# Qwen2.5 0.5B in cellm: What Finally Worked

## Goal
Get a small `.cellm` model that generates coherent output, and understand why earlier conversions failed.

## Model Sources Used
- HF source checkpoint: `models/hf/Qwen2.5-0.5B-Instruct-full`
- Python bitsandbytes reference: `models/qwen2.5-0.5b-bnb4` (used for parity checks)

## Key Findings

1. **Tokenizer mismatch was not the root cause**
- Python cross-check showed identical tokenizer behavior between HF full and bnb4:
  - same vocab/special token IDs
  - same chat template string
  - same input token IDs for the same prompt

2. **Main runtime parity bugs were in Qwen runner**
- The runner assumed `q_norm/k_norm` always existed; Qwen2.5 may not have them.
- Qwen2.5 attention projection biases (`q/k/v`, and potentially `o`) were not being applied.

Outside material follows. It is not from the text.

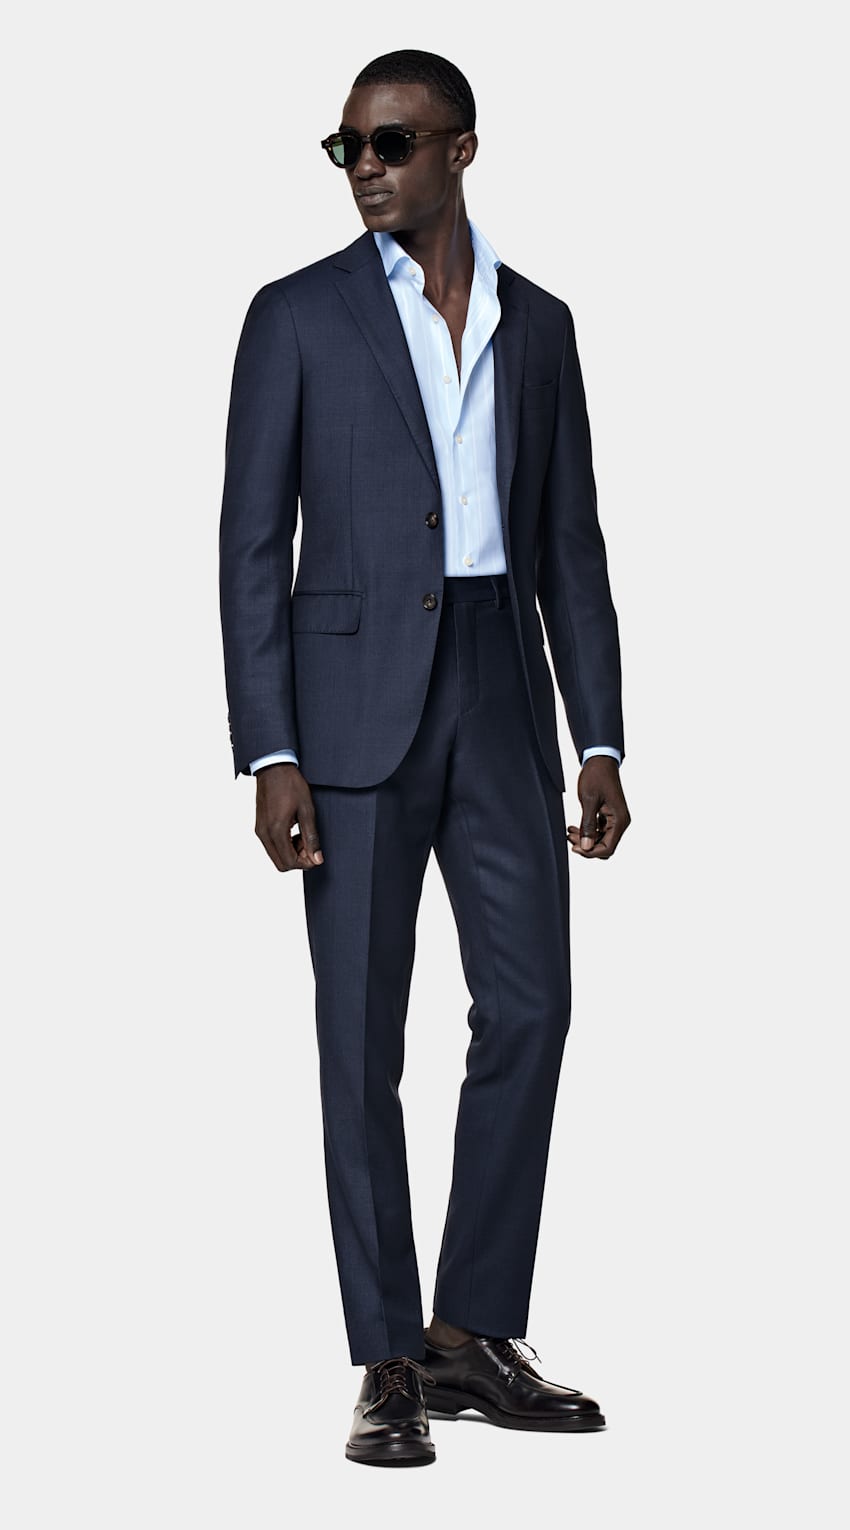 SUITSUPPLY Pure Wool S130's by Vitale Barberis Canonico, Italy Blue Bird's Eye Sienna Suit

3. **Size vs quality tradeoff was real**
- Very aggressive int4 could hit/beat target size but produced poor text quality.
- A slightly larger int8 variant gave correct/coherent output.

## Code Fixes Applied

### 1) Qwen runtime: optional Q/K norm usage
File: `crates/cellm-model/src/qwen.rs`
- Changed logic to apply per-head Q/K RMSNorm only if both tensors exist:
  - `...self_attn.q_norm.weight`
  - `...self_attn.k_norm.weight`

### 2) Qwen runtime: apply projection biases when present
File: `crates/cellm-model/src/qwen.rs`
- Added helper to apply `*.bias` for projection outputs when matching bias tensor exists.
- Wired this into full-attention path for:
  - `q_proj`
  - `k_proj`
  - `v_proj`
  - `o_proj`

### 3) Converter: Qwen quantization selection fixes
File: `tools/convert/src/main.rs`
- Updated Qwen tensor selection patterns so Qwen2.5 naming (`model.layers.*`) is handled correctly.
- Tried several quantization profiles to balance size and quality.

## Conversion Attempts and Outcomes

### A) int4 aggressive profile
Output: `models/qwen2.5-0.5b-int4-v3.cellm`
- Size: **443MB**
- Status: Runs, but quality still weaker (more unstable outputs)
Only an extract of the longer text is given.